Note that Immigration and Unemployment are among the Security issues, while the Welfare and the Economic issues are clearly specified by the expected terms. The empiric modularity is \(z(G) = 0.072\), while the \(H_0\)-modularity ranges from 0.010 to 0.040, the empirical p-value is 0.0 and the z-score is 16.11. Therefore we can reject the null hypothesis of the configuration model.

In the next analysis, we will show how issue clustering can be applied as a technique of dimensionality reduction, projecting the whole list of issues into two or three classes. Then, we can analyze if respondents whose concerns are within one of the classes can be described in terms of some social characteristics, such as age, job, and so on. The features that we will consider are:

  • Age: We have used the Eurobarometer recoded age into 4 classes: 15-24, 25-39, 40-54, 55 years old and more.

  • Social class: Respondents can locate themselves on a 5-tired subjective social class level that we recoded into Lower and Middle class (Upper class respondents are aggregated as they are never more than a few units).

  • Job position: We have used the Eurobarometer recoding into Employed, Self-Employed, and Not-Working.

  • Political position: Respondents can locate themselves on a 10-tired political space that we recoded into Left (from 1 to 3), Middle (from 4 to 6), Right (from 7 to 10).

In Fig. 3a, b, c, we reported the histogram with the size of the clusters detected by modularity community detection. In the case of Italy, see Fig. 3a, it can be seen that the greatest cluster is composed by respondents whose concerns revolve around Economic issues, while people worried about Security or Welfare appear as residual. Conversely, there are many respondents that were unclassified, as they are represented by arcs belonging to two different groups. So, we simplify the analysis considering respondents as they belong to just two groups: the economic group or the other, composed of the unclassified, the welfare, and the security. Next, we calculate all the two-ways table crossing the recoded concerns with social characteristics and we calculate their significance by the p-values. We found that the most important social characteristic that determines an economic concern is represented by the subjective social class, whose p-value is 0.017. In Fig. 3d conditional frequencies are reported and it can be seen how the lower class is more worried by Economic issues than the middle class, even though Economic issues are at the core of the overall Italian concerns.

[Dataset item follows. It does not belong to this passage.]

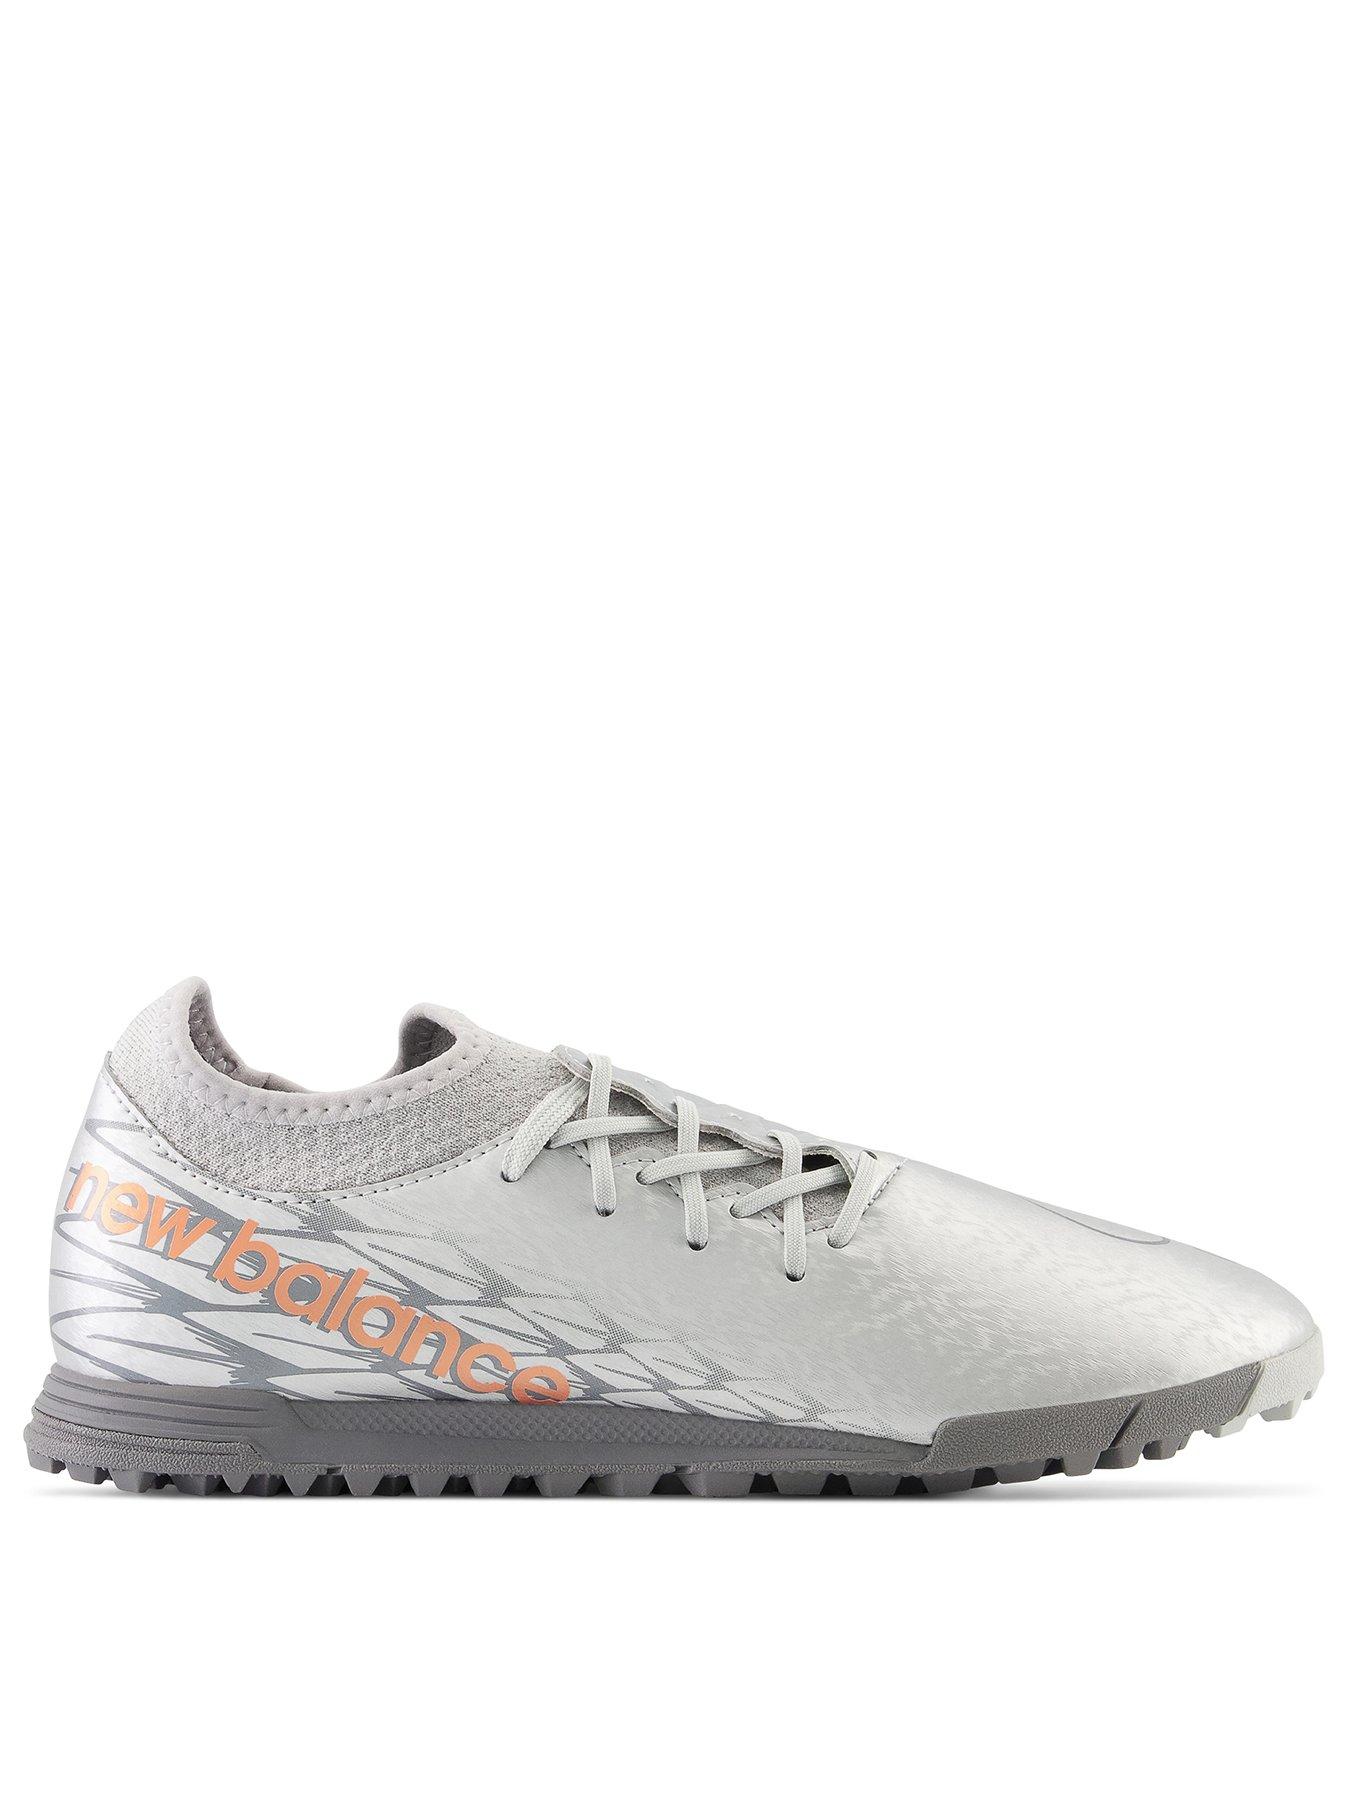 New Balance Mens Furon Dispatch Astro Turf Football Boots - Silver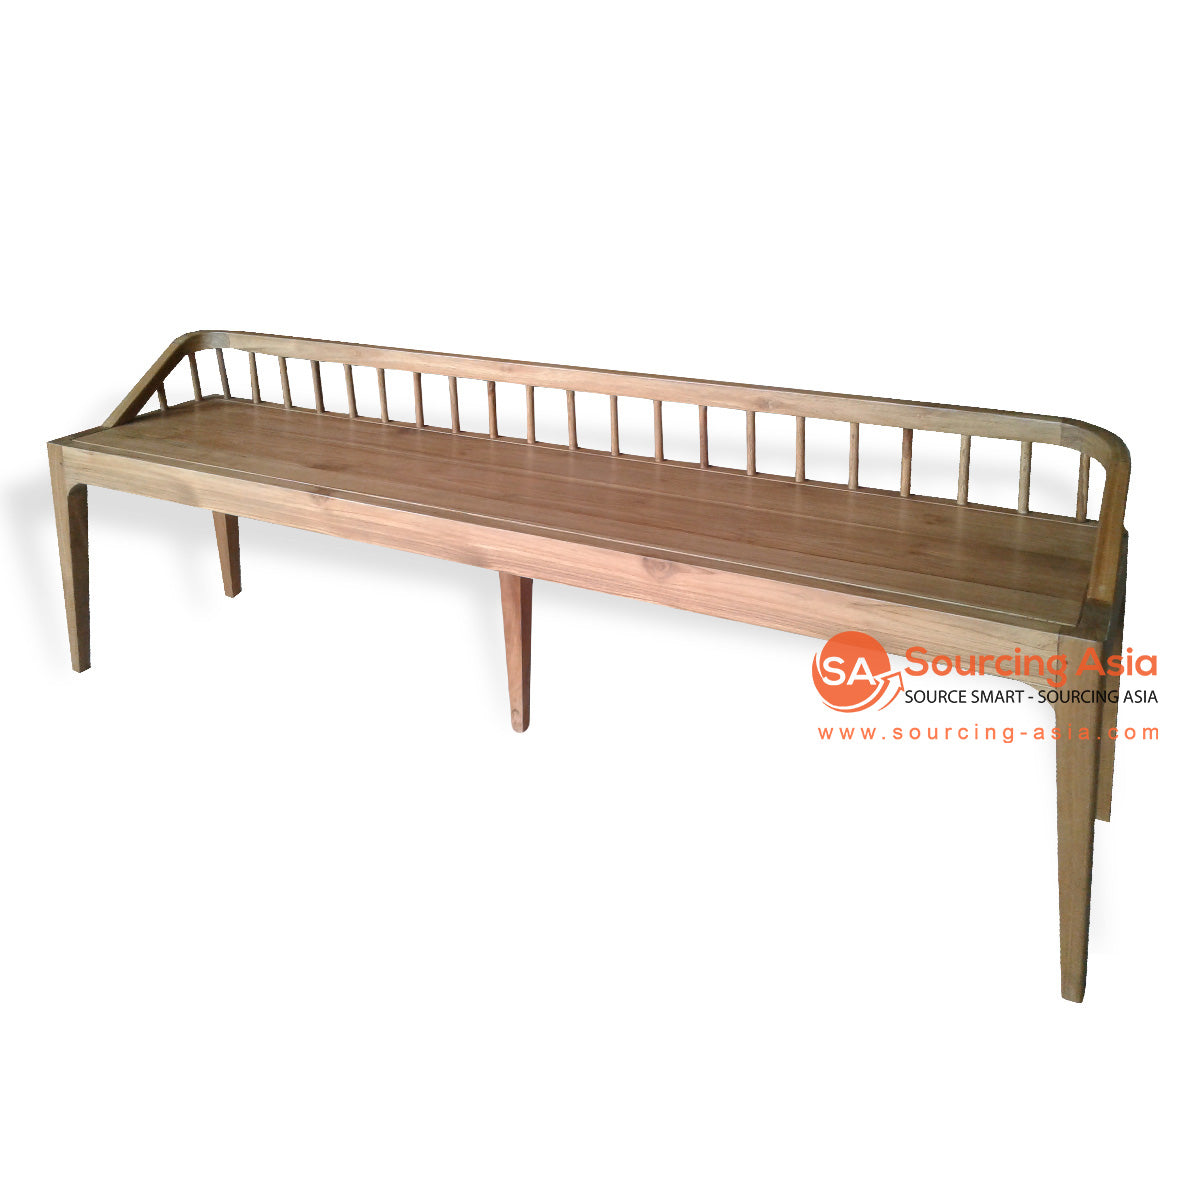 KYT099 NATURAL RECYCLED TEAK WOOD SPINDLE BENCH

In Fig. 3b and c histograms about the Spanish and the German clusters are reported. In the case of Spain, the greatest cluster is represented by the Economic/Welfare concerns, still the Security cluster is not negligible, as it contains 7.6% of the respondents. Therefore we continue the analysis keeping the two groups and the unclassified. The most significant social characteristic describing concerns is the political position, for which the p-value is 0.064. In Fig. 3e, conditional frequencies are reported: it can be seen that concerns about security increase from left to right wing voters, while concerns about economy or welfare decrease from left to right wing voters. In the case of Germany, the Economy is the smallest cluster having only 1.6% of respondents, therefore we aggregate this cluster to the unclassified to remain with Security and Welfare clusters only. The most significant social characteristic describing concerns is political position, for which the p-value is \(1.2(10)^{-9}\). In Fig. 3f conditional frequencies are reported and it can be seen that Security concern increases from left to right wing voters, while Welfare concern decreases from left to right wing voters, as was the case of Spain.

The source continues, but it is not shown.